The defendant, Michael O. Young, who was convicted of aggravated robbery, § 18-4-302, 8 C.R.S. (1978), and a crime of violence, § 16-11-309, 8 C.R.S. (1982 Supp.), appeals from the district court’s denial of his Crim.P. 35(c) motion to vacate his sentence of twelve years. He asserts that the application of the crime of violence statute to his sentence violates equal protection of the laws because the mere use of a deadly weapon during the commission of a robbery could support a conviction for both aggravated robbery and a crime of violence on the one hand, and a conviction for simple robbery and a crime of violence on the other, but different penalties would be applicable to the separate sets of convictions without any real distinction justifying the disparate treatment. 1 Finding no constitutional error, we affirm the judgment.

The defendant and Daniel S. Kessler were charged in the District Court of Jefferson County with aggravated robbery, conspiracy to commit aggravated robbery, and the commission of a crime of violence, all of which arose out of the robbery of an employee of the Royal Petroleum Company on January 10, 1983. On March 7, 1983, the defendant entered a guilty plea to the charges of aggravated robbery and the commission of a crime of violence in exchange for the dismissal of two other cases in which he was charged with similar offenses. 2 The district court sentenced the *668 defendant to the Department of Corrections for a term of sixteen years. Upon reconsideration, the court reduced the sentence to twelve years.

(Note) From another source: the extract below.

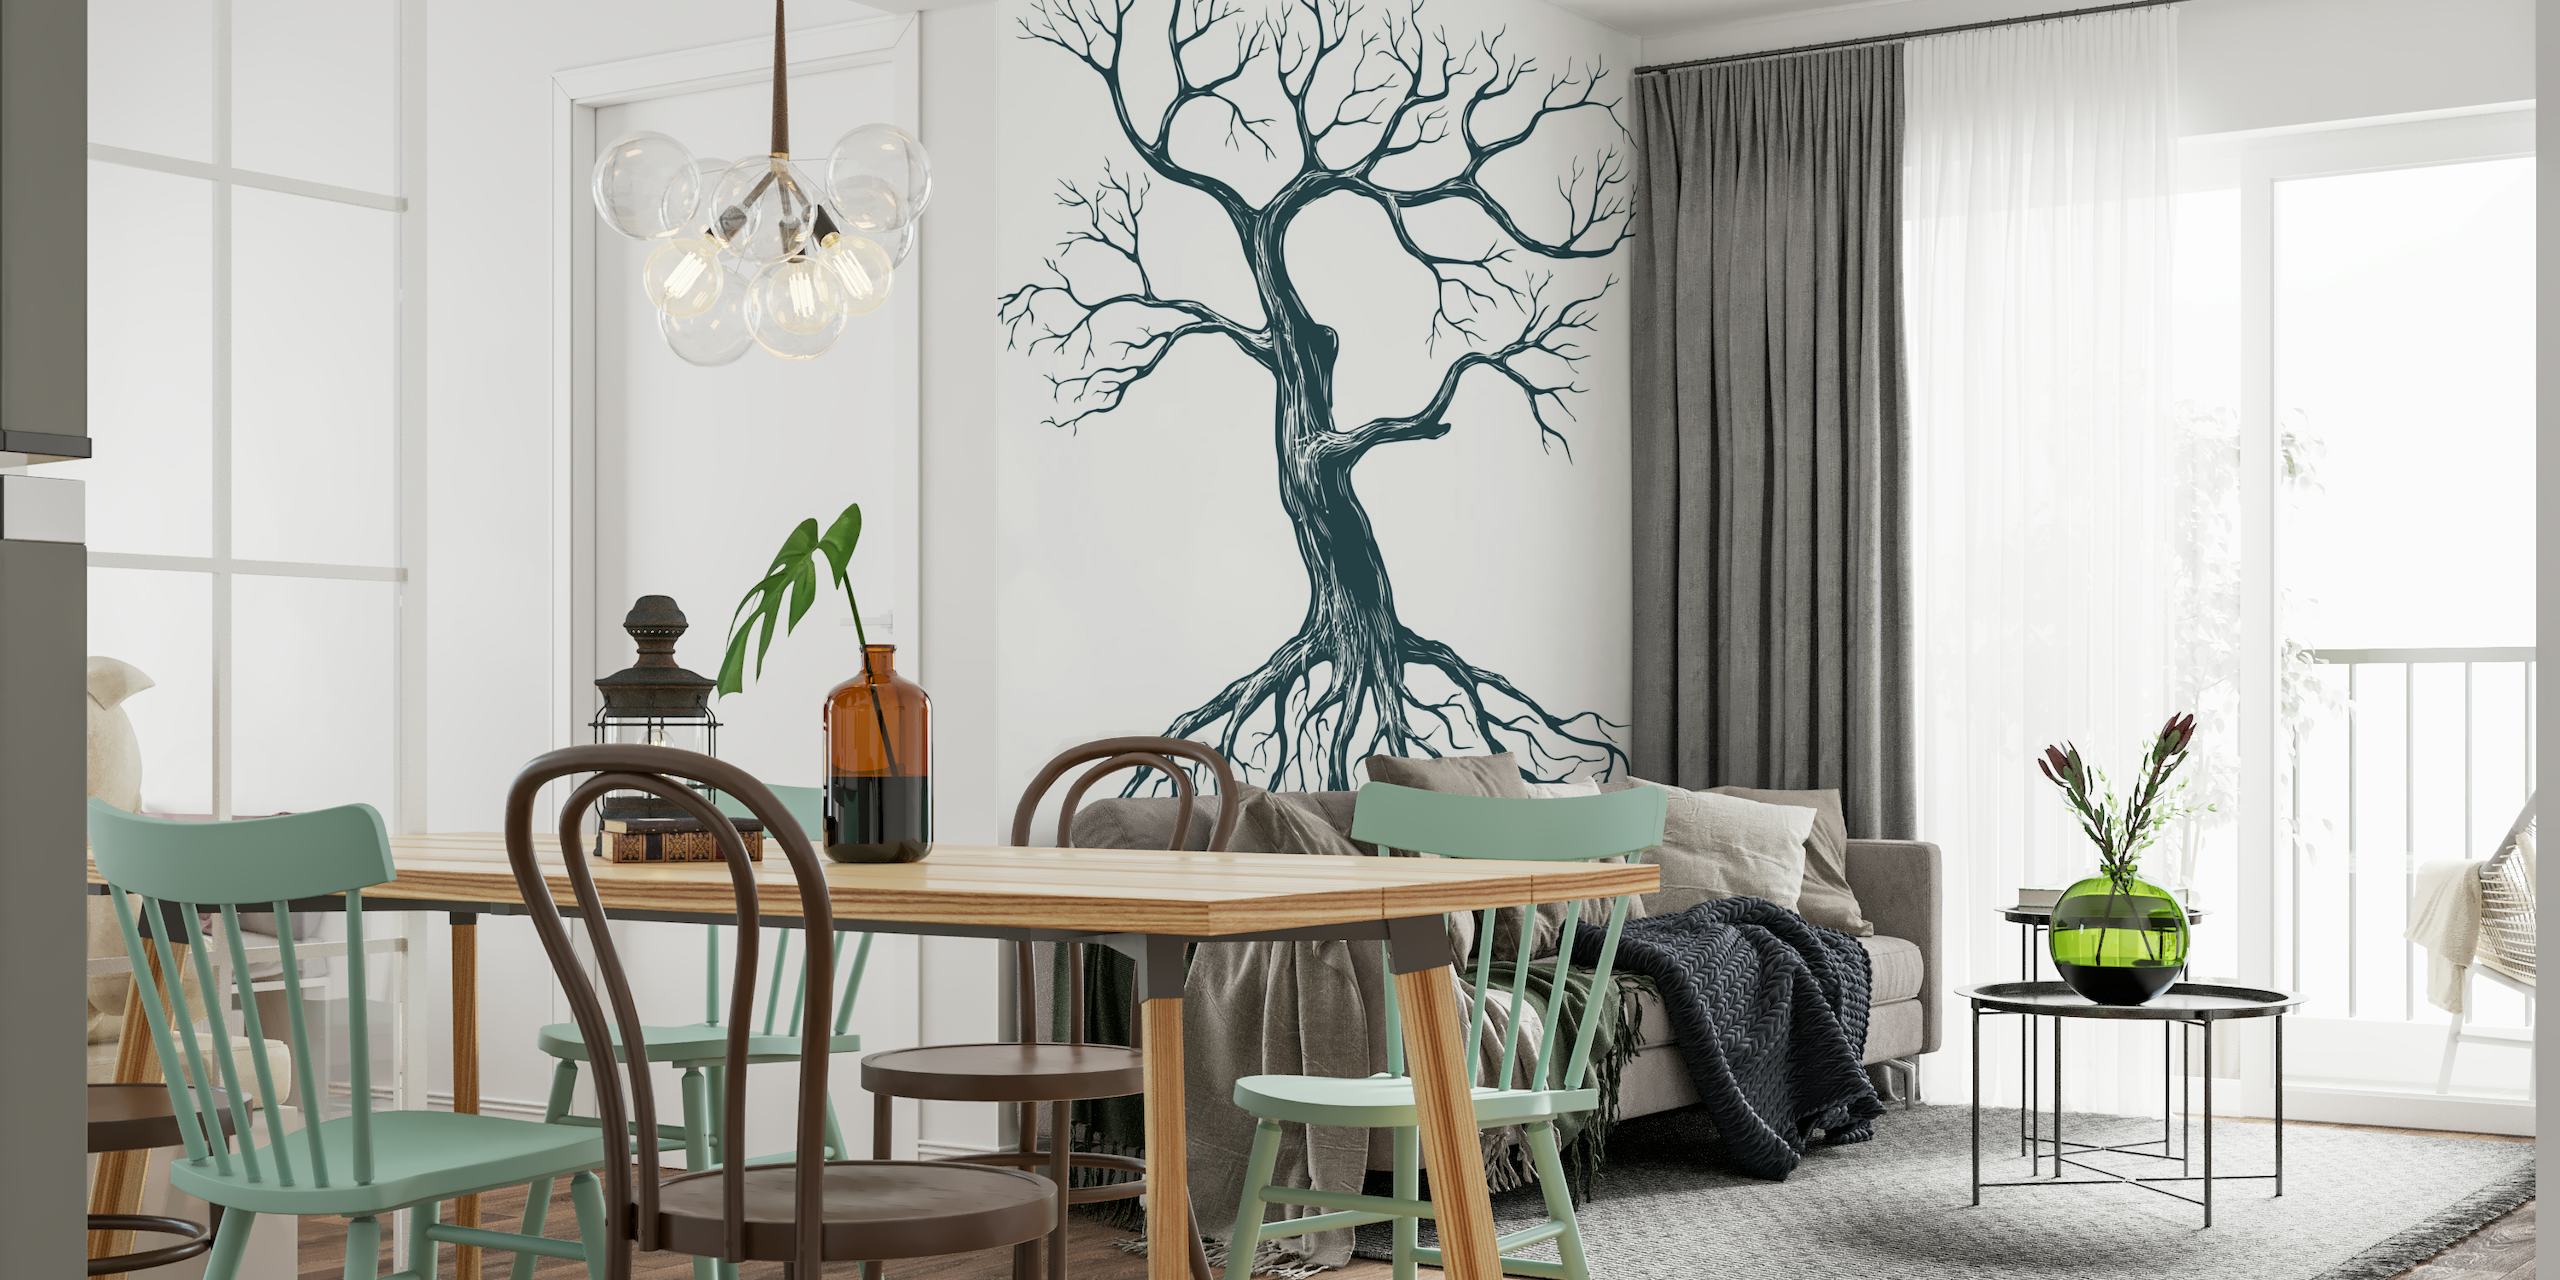 Tree whitout leaves wallpaper

In August 1985 the defendant filed a Crim.P. 35(c) motion to vacate the sentence. In his motion the defendant relied on the opinion of the court of appeals in People v. Montoya, 709 P.2d 58 (Colo.App.1985), rev’d, 736 P.2d 1208 (Colo.1987), which held that the aggravated sentence mandated by the crime of violence statute for the use of a deadly weapon during the commission of first degree assault violated equal protection of the laws because that same element was a requisite for conviction of the underlying offense of first degree assault. In denying the motion the district court concluded that, in contrast to Montoya, the defendant agreed to an aggravated sentence as part of a plea agreement. The defendant thereafter filed this appeal.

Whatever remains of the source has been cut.